Calexico
Carried To Dust
Touch and Go Records, 2008
By Crow Winters
Carried to Dust, the new album from longtime indie-rock institution Calexico, is music with a capital “M.” Calexico’s shtick is being well read. Joey Burns was studying music in college when the band was formed, and if the mishmash of culture-heavy genres is any indication, he’s never really stopped studying it. This is either a highlight of the band’s music or a detracting element. There are a ton of country-friendly slide guitars, mariachi horns, hushed storyteller vocals, and even some western whistling. Sound familiar? This more or less sums up the band’s career, and it’s hardly new territory in the world of subverting Americana.
Calexico’s last release, the 2006 album Garden Wire, was the first time the band really stepped outside of themselves; perhaps due to shock, Carried to Dust sounds like a retreat back to the safe house. It’s sure to please longtime fans, particularly those put off by Garden Wire, but it’s likely not to get anyone that didn’t drink the Kool-Aid the first time around. This album is unapologetically lush, mid-tempo, beautiful on paper but sometimes cold in practice. It’s the sound of a band creatively withdrawing into their collective shell.

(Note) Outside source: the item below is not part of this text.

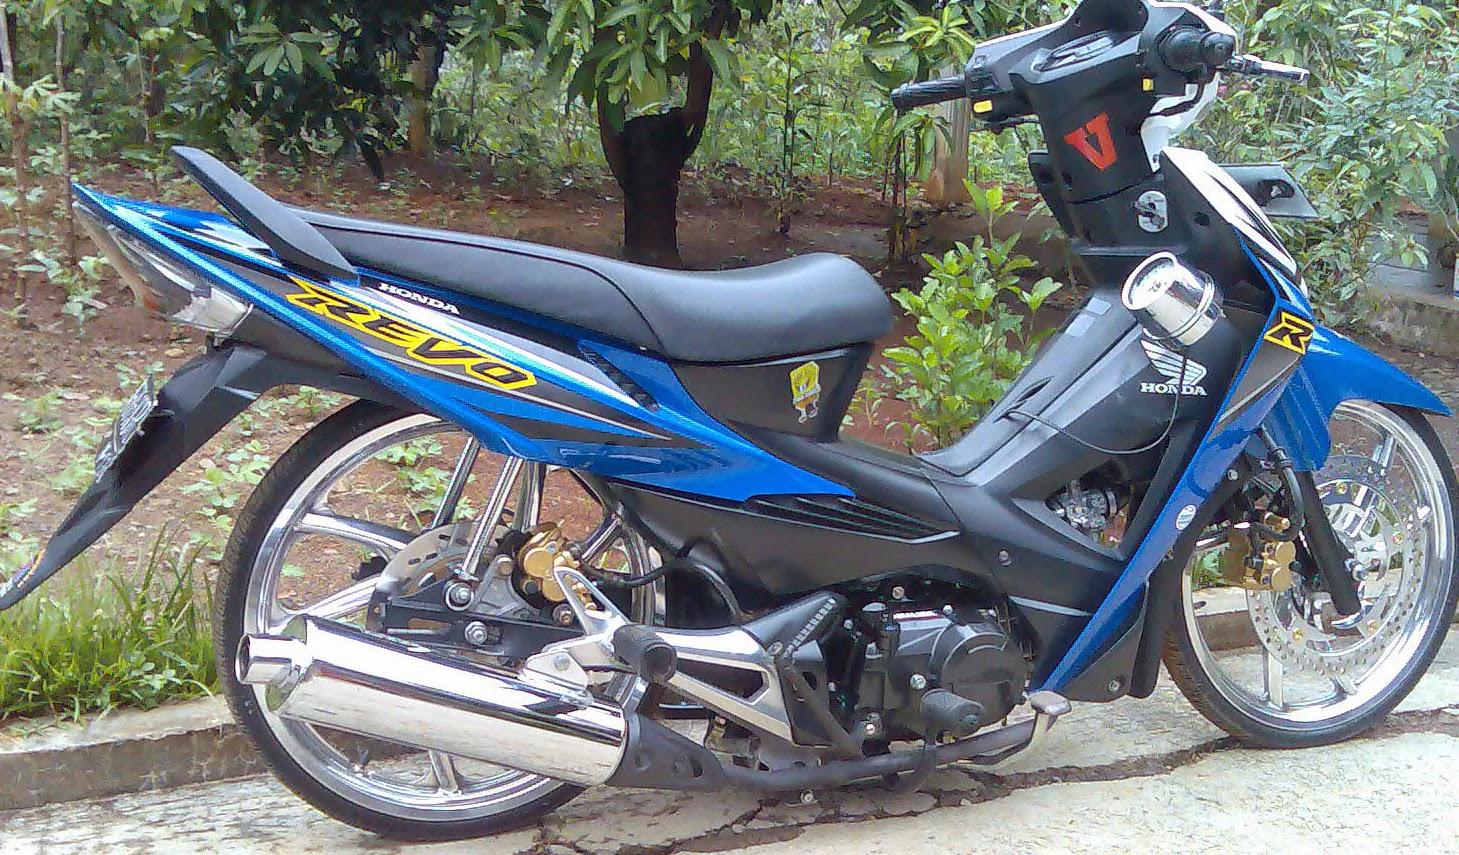 70 Foto Modifikasi Motor Revo Ceper Terkeren Teka Teki Motor
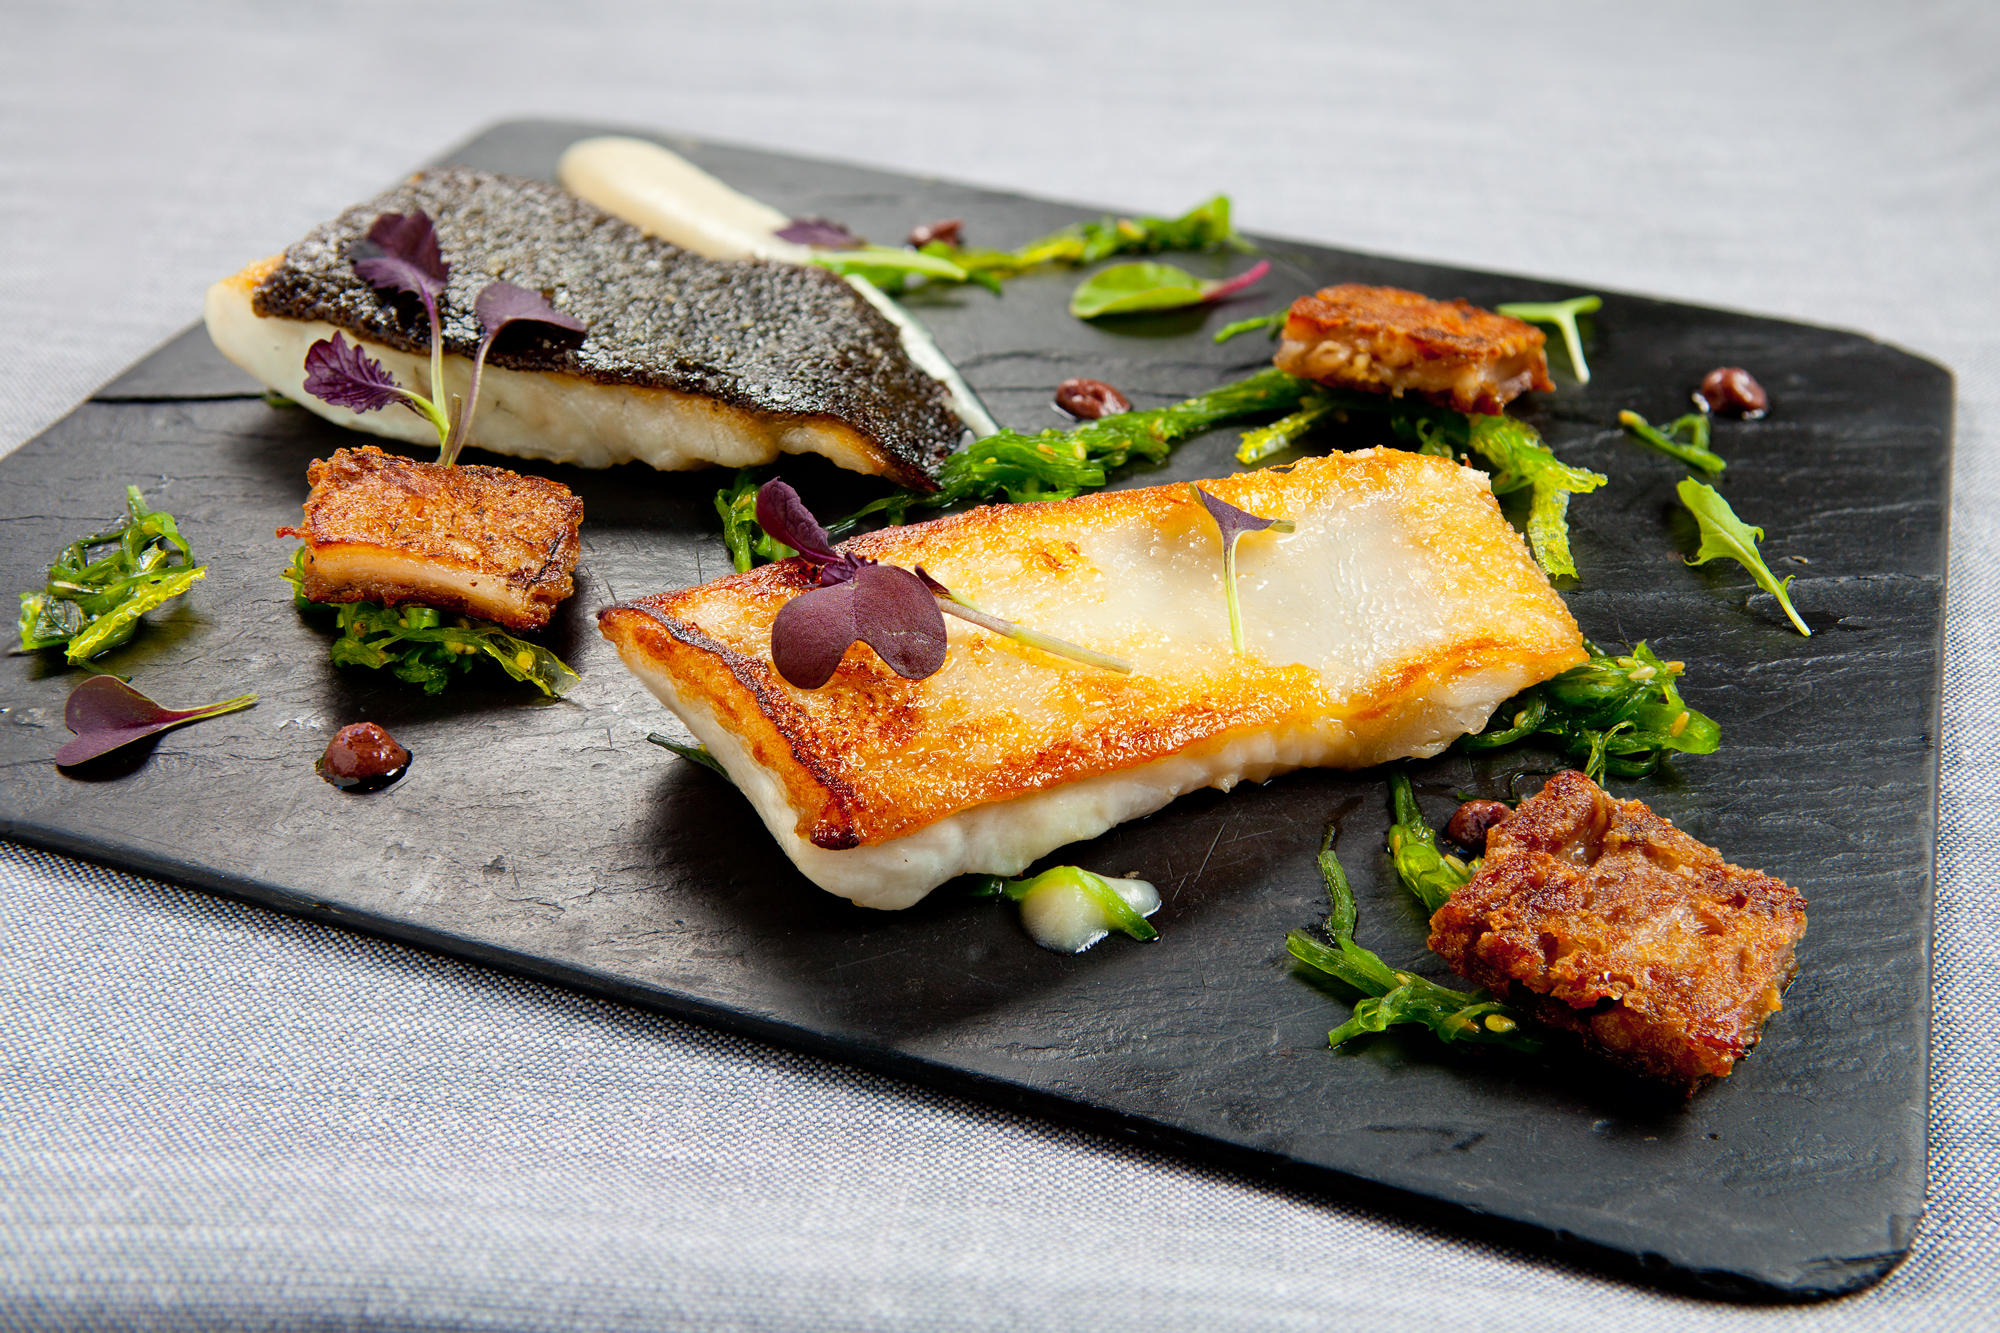 Restaurante-loidi-barcelona-martin-berasategui-menu-sant-jordi-2018-1

Which doesn’t mean that there aren’t great songs here. Album closer “Contention City” is one incredible mood piece: dark, haunting, and arresting, this song singlehandedly takes back the term “soundscape” from the electronica laptop musicians that have hogged it for too long. In contrast, the instrumental “El Gatillo (Trigger Revisited)” is an invigorating gallop that breaks up the tension of mid-tempo pieces that slur together around it. “Two Silver Trees” and “Man Made Lake” are undoubtedly the album’s easiest tracks to tout: they have a melody and snarl that stick with you, and their big choruses and whirling guitars are dizzying and satisfying.
When some of the tracks don’t work, it’s no fault of the musicianship — it has more to do with imagination. Joey Burns’s voice suffers from his desire to be too perfect, too in control, and too wispy, which makes songs like “The News About William,” “Red Blooms,” and “Slowness” ineffective and frequently impenetrable. He has a self-imposed lack of versatility and overabundance of seriousness that makes these songs ultimately forgettable. The album also feels unusually long, even though it’s only forty-five minutes. That forty-five minutes is stretched through fifteen tracks, and it’s easy to think that they could’ve axed some of the weaker tracks and stretched some of their better ideas, such as “Inspiracion” and “Fractured Air,” past the three-minute mark.
Your approval of the new Calexico album will say a lot about what you look for in music. Carried to Dust is ultimately rigid and history obsessed, but the songwriters’ love for what they do is simply undeniable, as is their craft and execution. Those looking for music that looks forwards instead of backwards, however, should be advised to look elsewhere.



R.E.M.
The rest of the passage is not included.